Bhaktha Gowri (also spelled Bhaktha Gauri) is a 1941 Indian Tamil-language film directed by S. Nottani. The film stars S. D. Subbaiah and U. R. Jeevarathinam.

==Plot==
Lord Shiva blesses the Saivaite couple (K. K. Perumal and P. A. Rajamani) with a girl child (U. R. Jeevarathinam). The girl falls in love with a Vaishnavaite boy (S. D. Subbaiah). The boy's mother (Paramakudi S. Sivabhaghyam) opposes their love as the girl is a Saivaite. After much trials and tribulations the boy and girl are married with Lord Shiva's blessings who shows to the world that Shiva and Vishnu are one and the same.

==Cast==
The list is adapted from The Hindu review article.

- Male cast
- S. D. Subbaiah
- K. K. Perumal
- C. V. V. Panthulu
- Kali N. Rathnam
- M. R. Swaminathan
- T. S. Durairaj
- L. Narayana Rao

- Female cast
- U. R. Jeevarathinam
- P. A. Rajamani
- C. T. Rajakantham
- P. S. Sivabhaghyam

==Production==
The film was produced by T. R. Sundaram under his own banner Modern Theatres and was directed by S. Notani.
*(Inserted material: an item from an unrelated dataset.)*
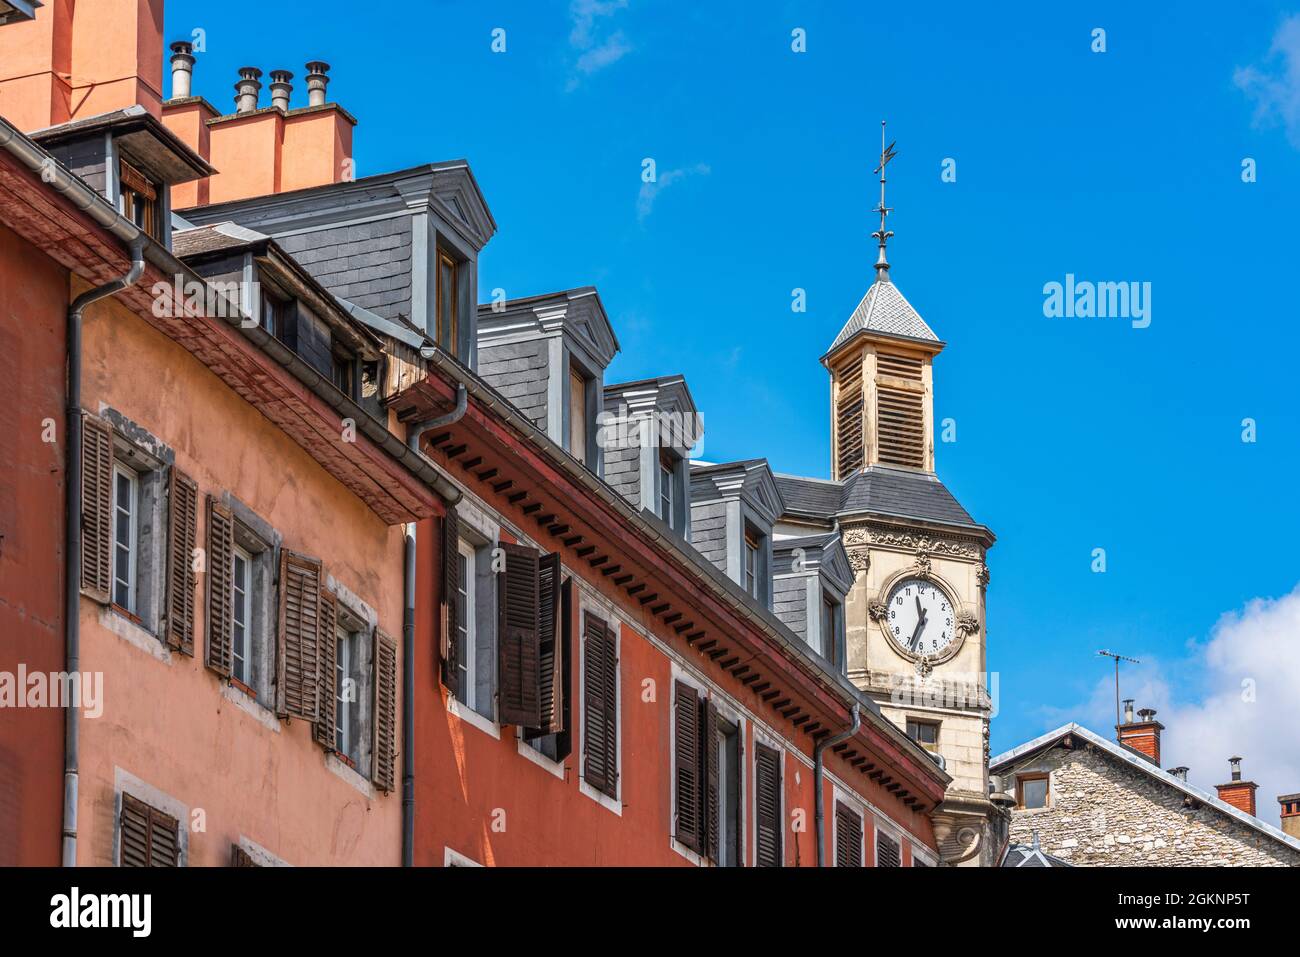 Klassische Dachfenster der Paläste von Chambery in Frankreich. Einer der größten Karillionen Europas ist im antiken Uhrenturm erhalten. Chambery Stockfoto
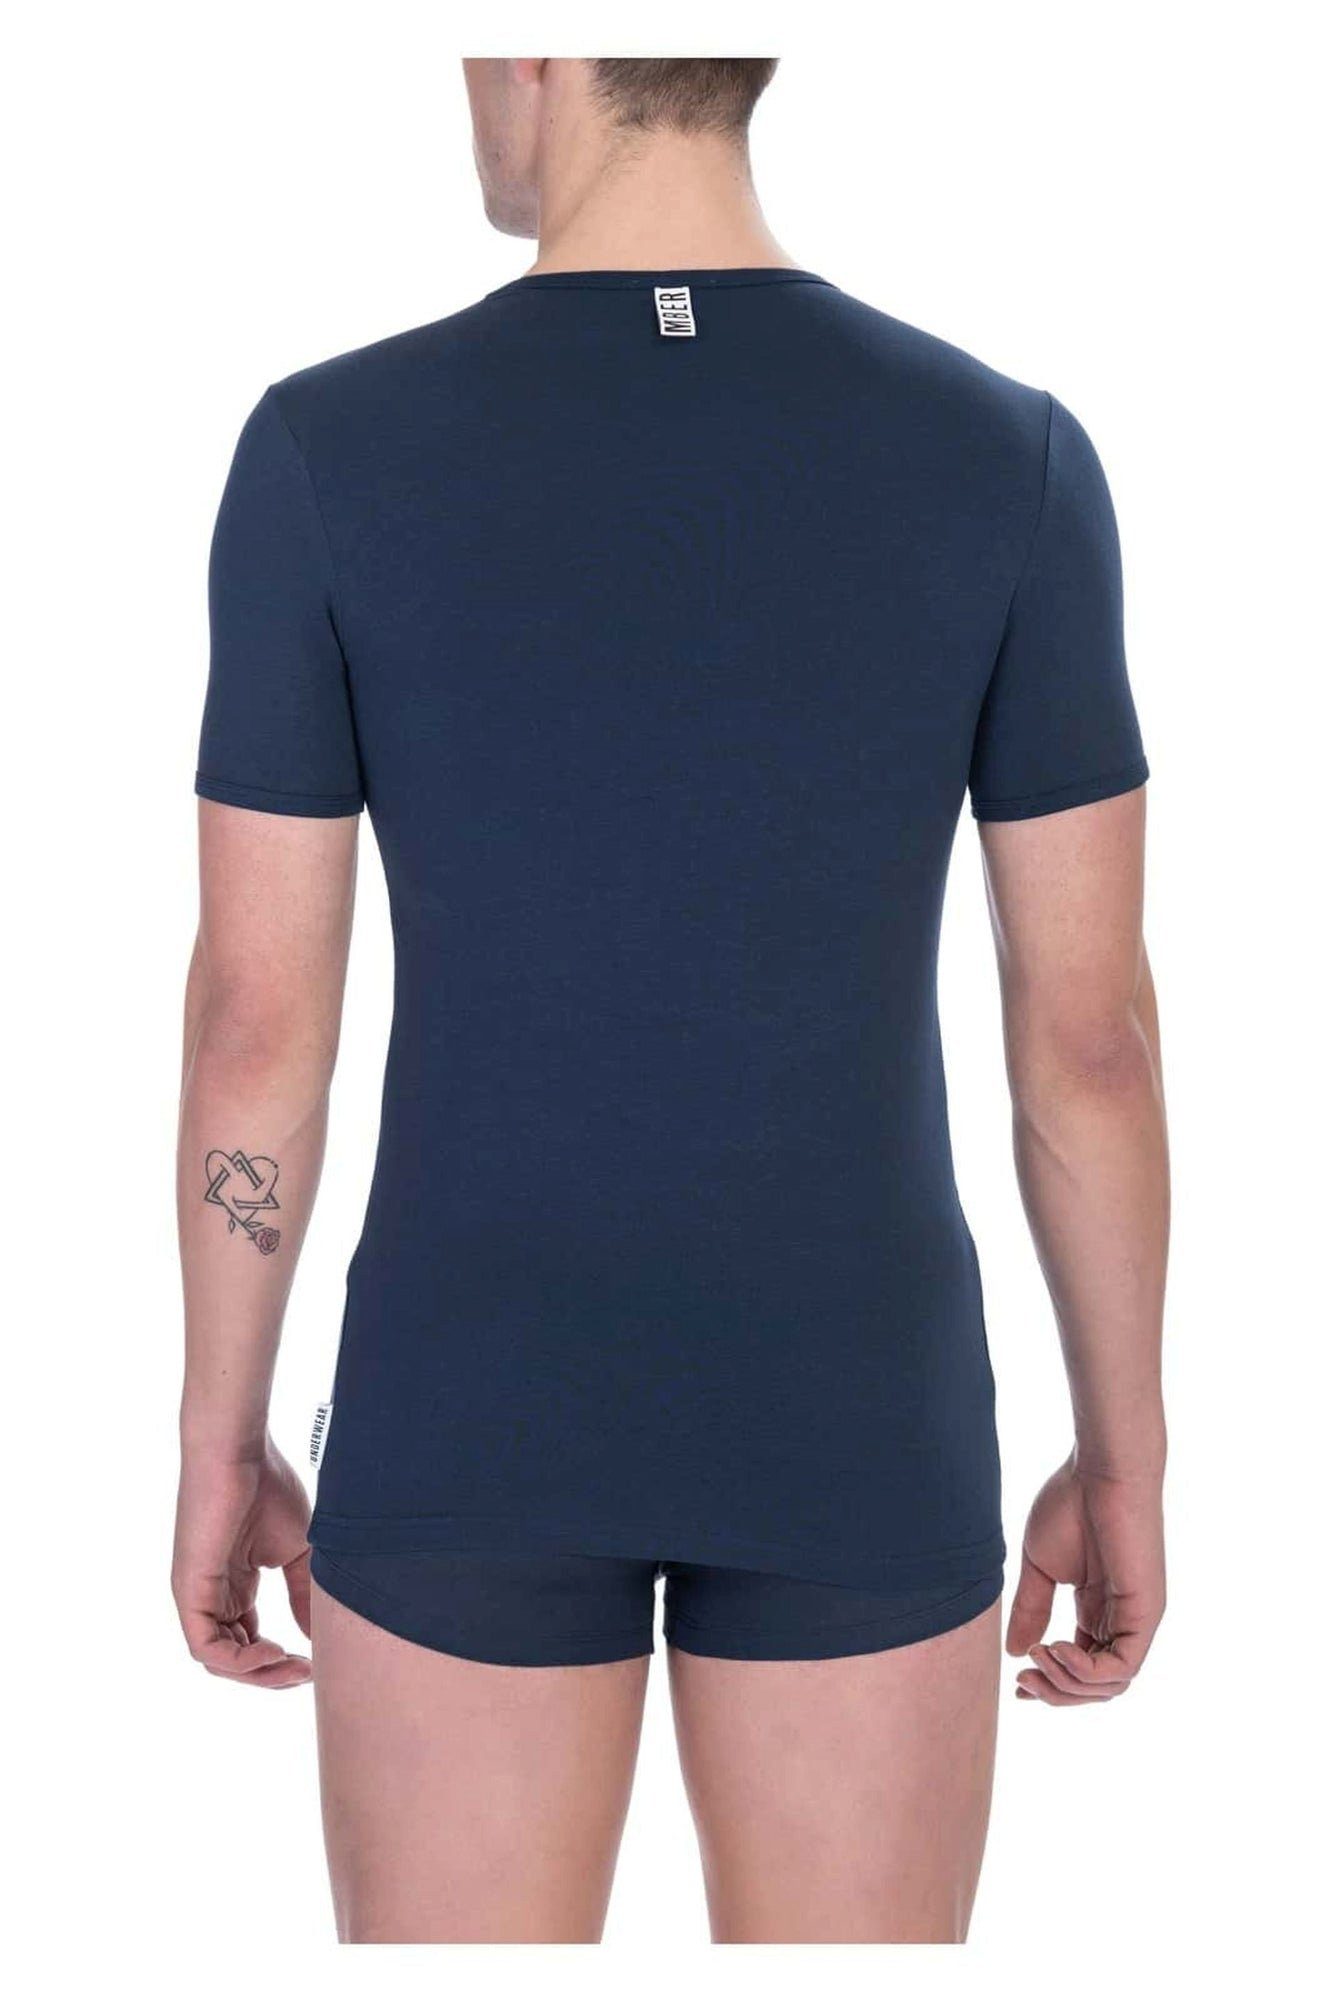 T-Shirts) T-Shirts), 2er-Pack, (Packung T-Shirt, R-Ausschnitt Navy Bikkembergs (2ei 2ei blau, 2er-Pack,

P. A. Rajamani who featured as the mother of U. R. Jeevarathinam is the elder sister of actress and playback singer P. A. Periyanayaki. P. S. Sivabhaghyam, better known as Paramakudi Sivabhaghyam was famous for her gramophone records.

==Soundtrack==
S. Velsamy Kavi penned the lyrics. No single person was credited as the music composer. The group of instrumentalists are:
- T. M. Ibrahim... Organ, Piano
- B. Rangaiah Naidu... Clarinet
- M. K. Nadaraja Bhagavathar... Fiddle
- S. R. Marutha Pillai... Flute
- K. R. Harihara Iyer... Jalatharang
- S. Abdul Khader... Sarangi
- T. P. Chinniah... Tabela
- D. R. Rao... Gadam
- S. P. Ponraj... Udophon

The song "Theruvil varaandi, Velan thaeril varaandi", sung by U. R. Jeevarathinam is a hit even today.

==Reception==
Randor Guy, writing in 2010 said the film is "Remembered for the melodious music and the hit of the day, Theruvil varaandee'".